Disclaimer This edited version has been archived due to the length of time since original publication. It should not be regarded as indicative of the ATO's current views. The law may have changed since original publication, and views in the edited version may also be affected by subsequent precedents and new approaches to the application of the law. You cannot rely on this record in your tax affairs. It is not binding and provides you with no protection (including from any underpaid tax, penalty or interest). In addition, this record is not an authority for the purposes of establishing a reasonably arguable position for you to apply to your own circumstances. For more information on the status of edited versions of private advice and reasons we publish them, see PS LA 2008/4. |
Edited version of your written advice
Authorisation Number: 1012729259767
Ruling
Subject: Assessability of foreign pension
Question and answer
Is the pension received by you from overseas assessable income in Australia?
Yes.
This ruling applies for the following period:
Year ended 30 June 2014
Year ending 30 June 2015
Year ending 30 June 2016
Year ending 30 June 2017
Year ending 30 June 2018
The scheme commenced on:
1 July 2013
Relevant facts and circumstances
You are a resident of Australia for taxation purposes.

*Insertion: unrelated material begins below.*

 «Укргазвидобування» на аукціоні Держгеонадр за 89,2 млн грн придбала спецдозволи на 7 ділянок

You are a citizen of Australia.
You are over the age of 65.
You receive an overseas Government pension.
Your deceased spouse formally received a Government pension.
Relevant legislative provisions:
Income Tax Assessment Act 1997 Subsection 6-5(2)

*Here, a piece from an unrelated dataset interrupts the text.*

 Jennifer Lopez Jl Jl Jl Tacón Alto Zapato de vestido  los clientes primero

Income Tax Assessment Act 1997 Subsection 52-10(1A)
International Tax Agreements Act 1953 Section 4
International Tax Agreements Act 1953 Schedule 1 Article 19
Reasons for decision
Subsection 6-5(2) of the Income Tax Assessment Act 1997 (ITAA 1997) provides that the assessable income of a resident taxpayer includes ordinary income derived directly or indirectly from all sources, whether in or out of Australia, during the income year.
Pension income is ordinary income assessable under subsection 6-5(2) of the ITAA 1997.

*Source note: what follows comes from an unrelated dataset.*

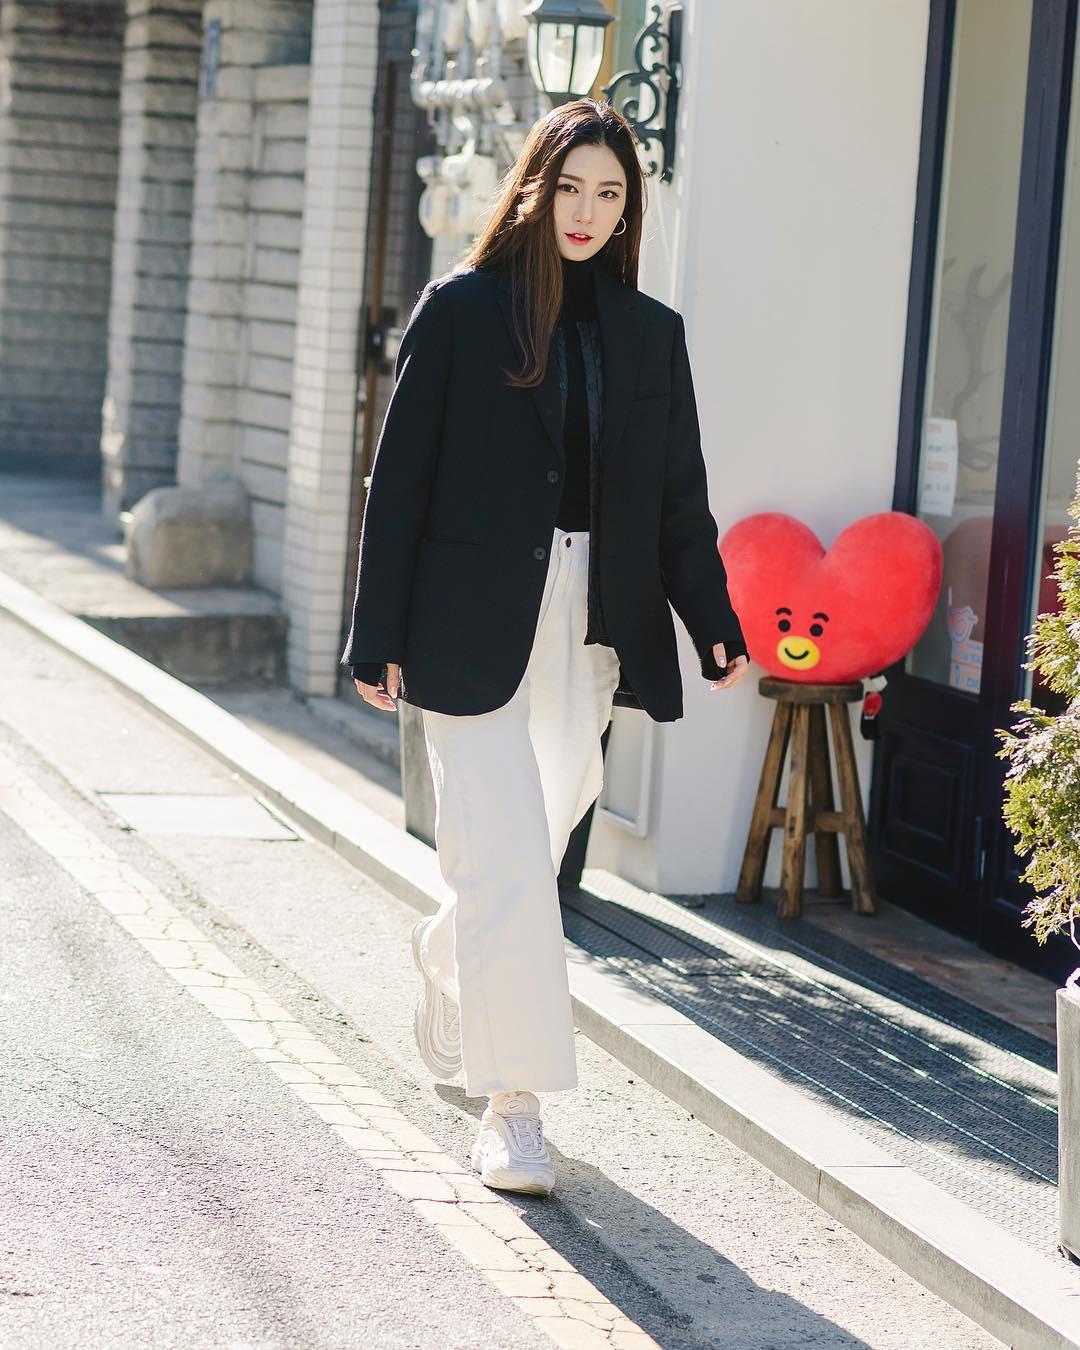 Mê phong cách đơn giản, bụi bặm hay chanh xả, bạn cũng sẽ bỏ túi được cả rổ gợi ý từ street style tuần qua của giới trẻ Hàn - Ảnh 1.

In determining your liability to pay tax in Australia it is necessary to consider not only the domestic income tax laws but also any applicable double tax agreements.
Section 4 of the International Tax Agreements Act 1953 (Agreements Act) incorporates that Act with the Income Tax Assessment Act 1936 (ITAA 1936) and the ITAA 1997 so that all three Acts are read as one. The Agreements Act overrides both the ITAA 1936 and ITAA 1997 where there are inconsistent provisions (except in some limited situations).
Section 5 of the Agreements Act states that, subject to the provisions of the Agreements Act, any provision in an Agreement listed in section 5 has the force of law. The overseas Agreement is listed in section 5 of the Agreements Act.
The agreement between Australia and the overseas country operates to avoid the double taxation of income received by residents of Australia and the overseas country.
Article XX of the agreement considers the tax treatment of governmental salaries, wages and other similar remunerations including pensions paid from funds of one of the Contracting States, of a state or other political subdivision thereof or of an agency or authority of any of the foregoing for labor or personal services performed as an employee of any of the above in the discharge of governmental functions to a citizen of that State shall be exempt from tax by the other Contracting State.
Consequently your pension will be taxed in Australia under section 6-5 of the ITAA 1997 as according to article XX of the DTA between Australia and the overseas country Australia has the sole taxing rights as you are a citizen of Australia.
This income must be included in your tax return.
Please note:
Similar Australian government payments paid to spouses who are over the pension age and whose partner has died paid under the Veterans Affairs Entitlements Act 1986 are assessable income and not exempt from tax in Australia.